▶ [RAW DATA]
+-------+

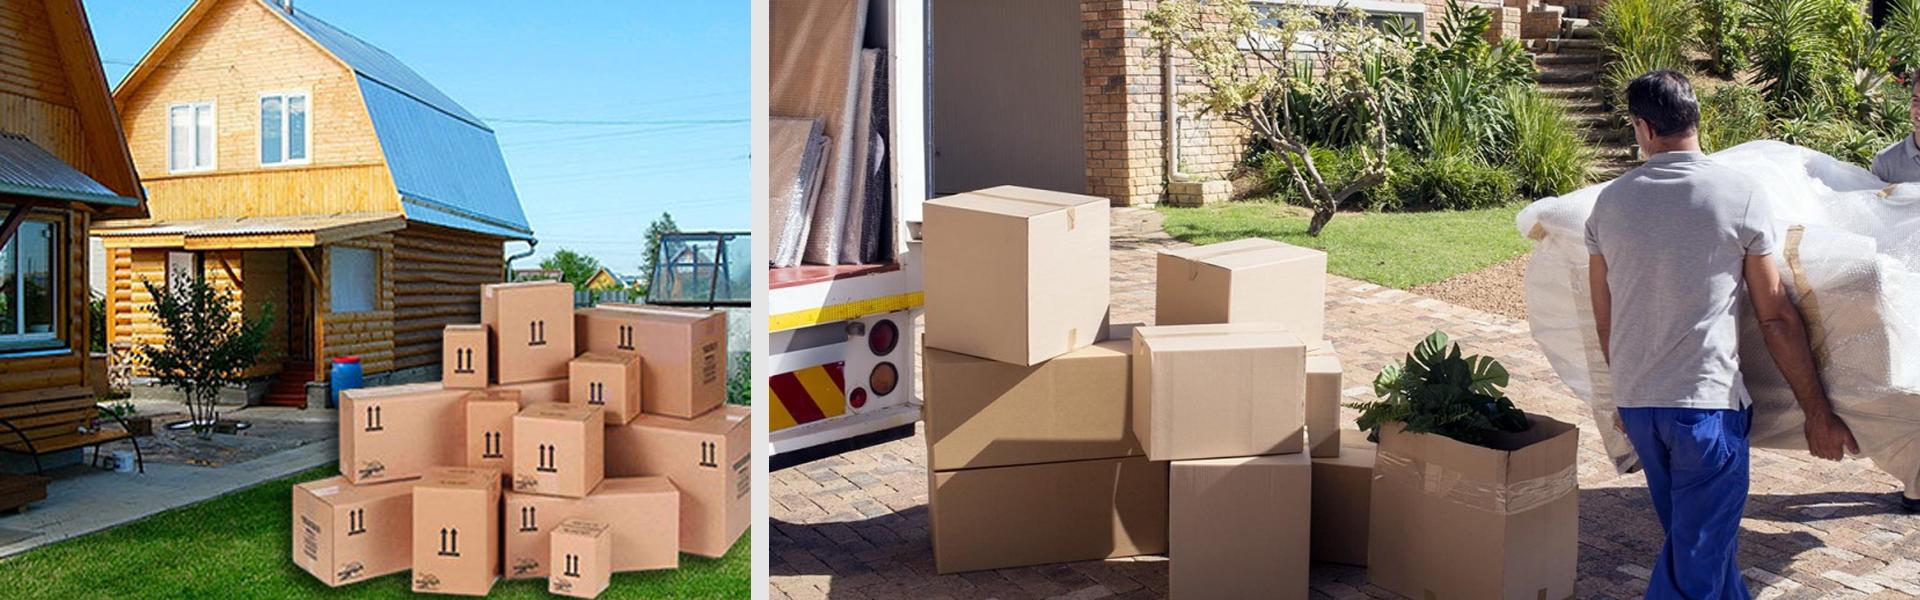 Дачный переезд: перевозка вещей на дачу
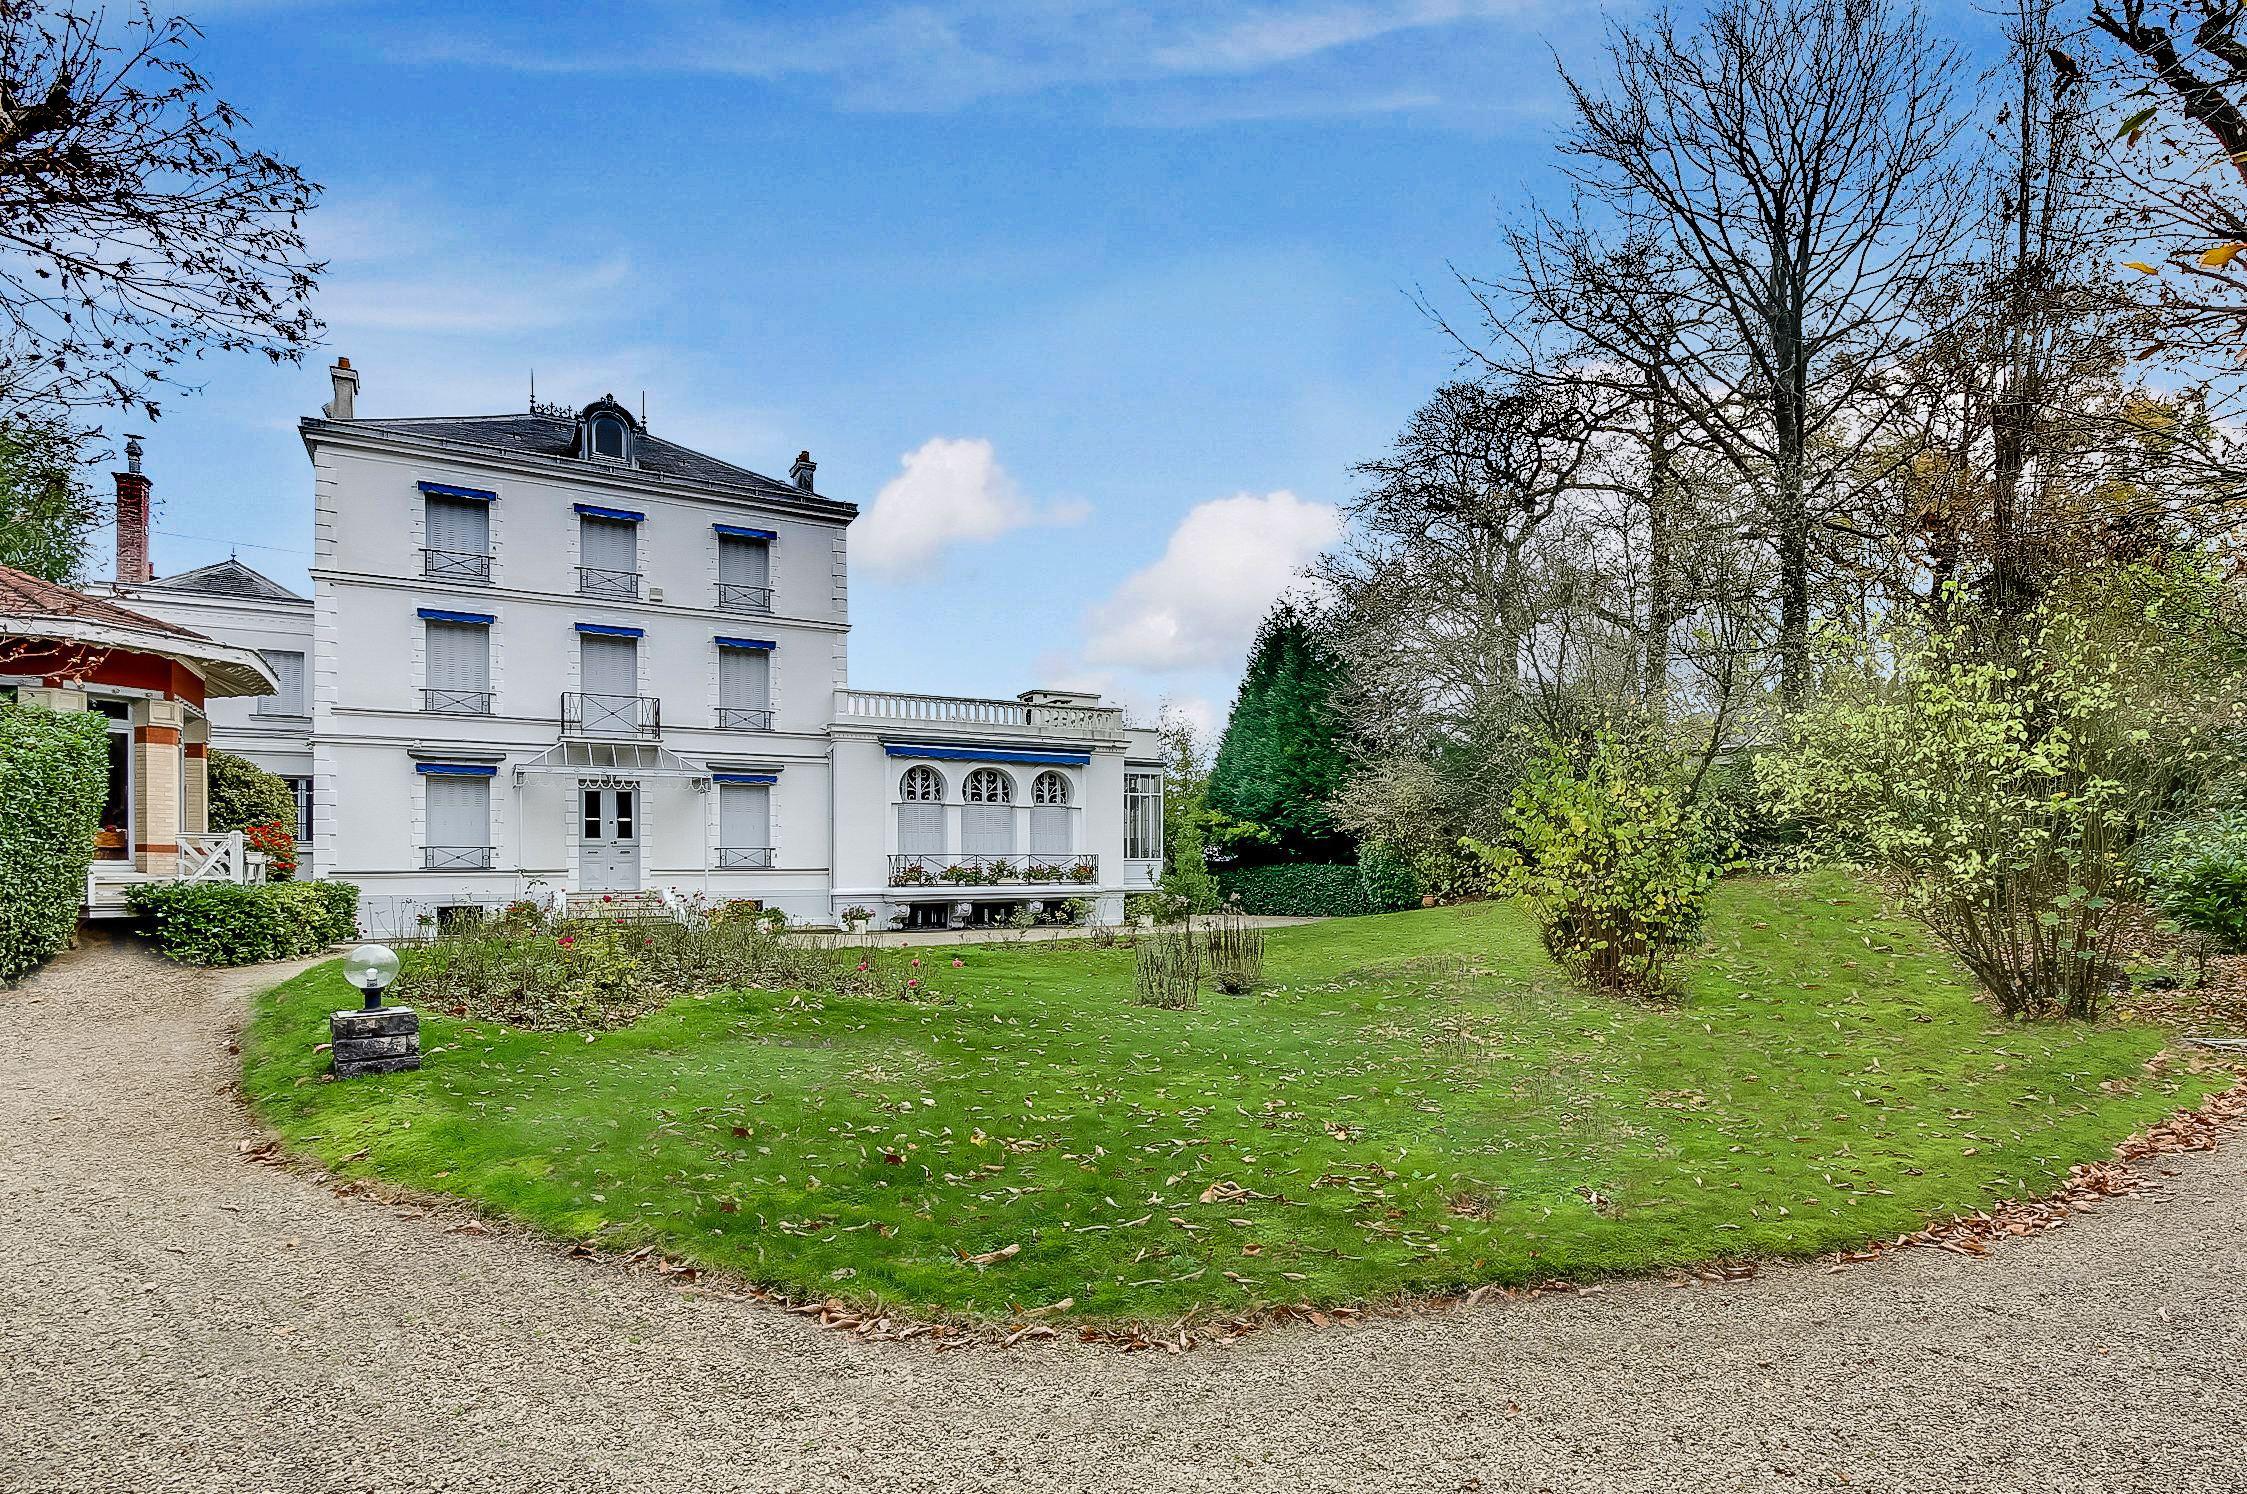 Casa Unifamiliar por un Venta en Elegant Property for sale, 3 levels, Golf de St Cloud, 11 rooms Vaucresson, Ile-De-France, 92420 Francia
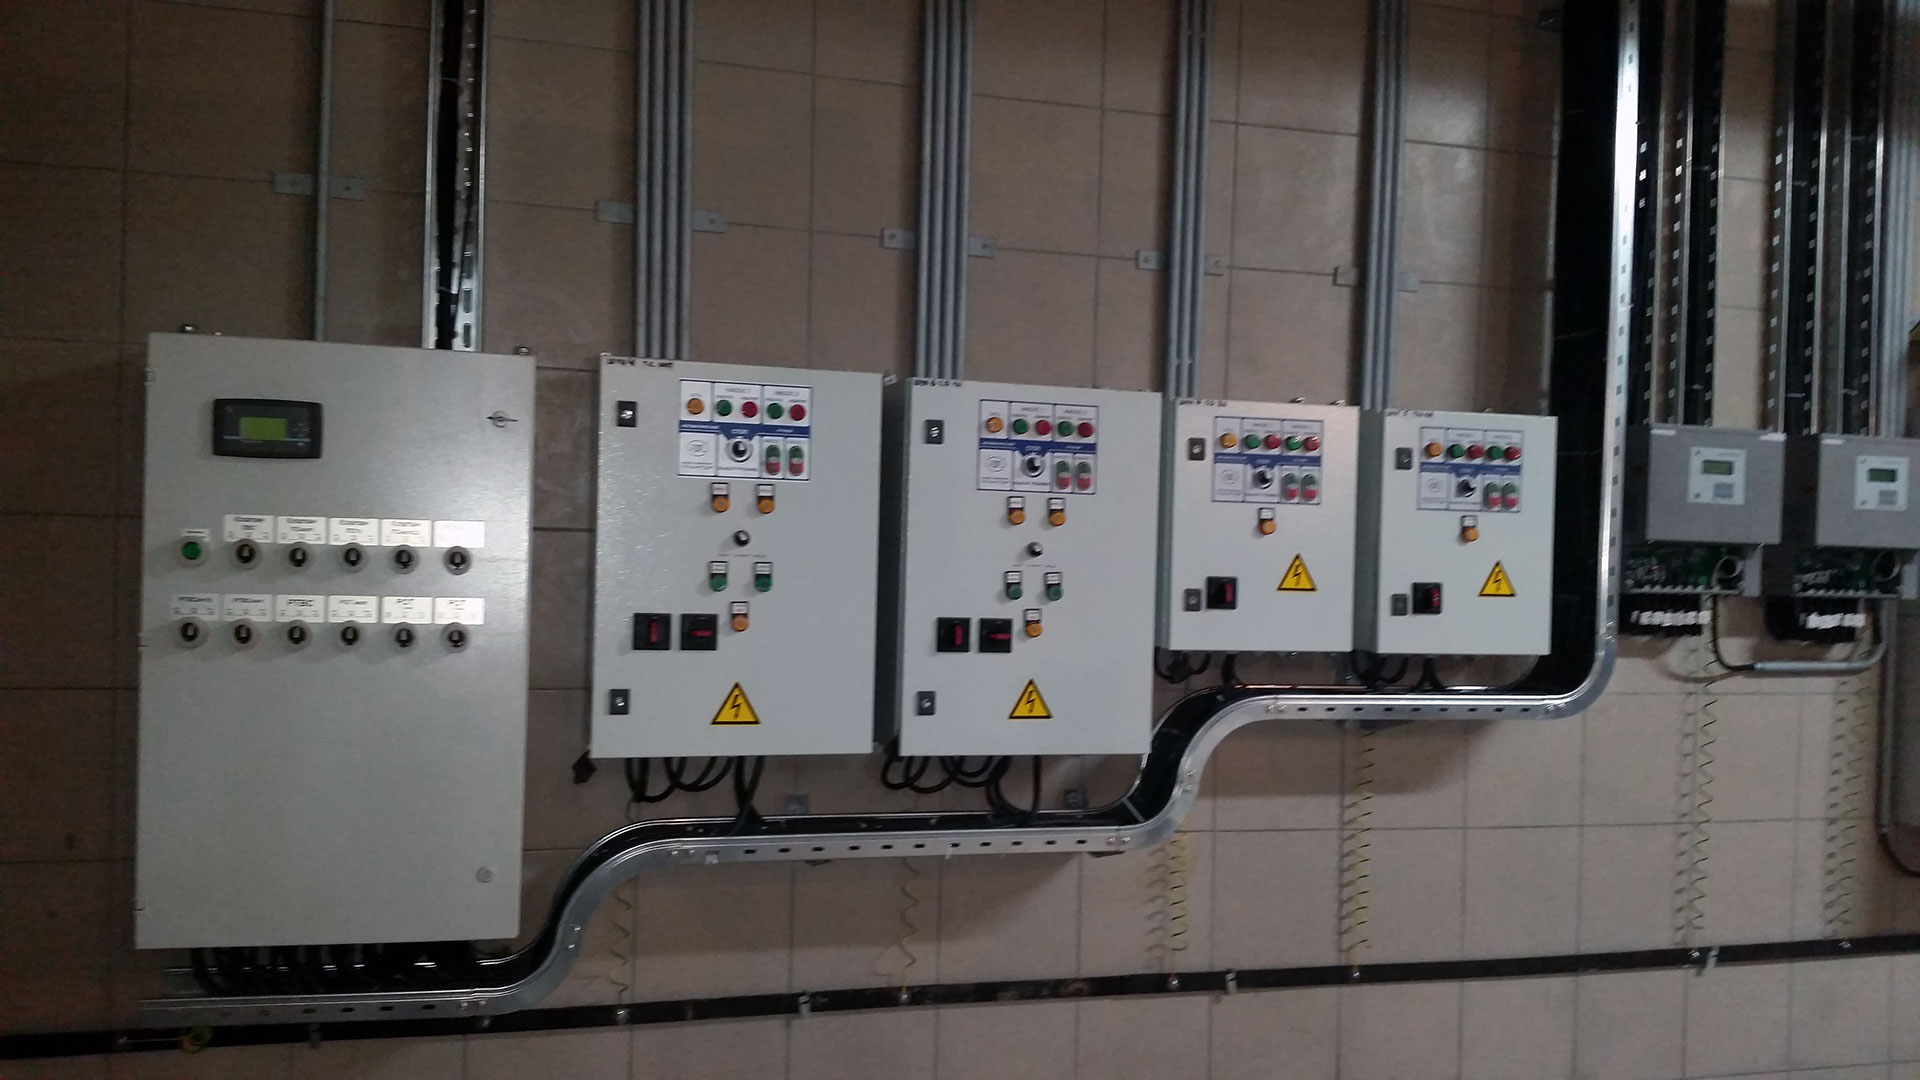 Шкафы управления и автоматизации, Трансформер SL, Шкаф Управления насосами ГРАНТОР, Шкаф узла учета тепловой энергии (УУТЭ) ВИСТ (ВИС.Т)

+-------+

▶ [INSTRUCTIONS TO FOLLOW] The data above must be given back verbatim, minus its images.

▶ [RESULT FOR THIS TASK]
 Дачный переезд: перевозка вещей на дачу
 Casa Unifamiliar por un Venta en Elegant Property for sale, 3 levels, Golf de St Cloud, 11 rooms Vaucresson, Ile-De-France, 92420 Francia
 Шкафы управления и автоматизации, Трансформер SL, Шкаф Управления насосами ГРАНТОР, Шкаф узла учета тепловой энергии (УУТЭ) ВИСТ (ВИС.Т)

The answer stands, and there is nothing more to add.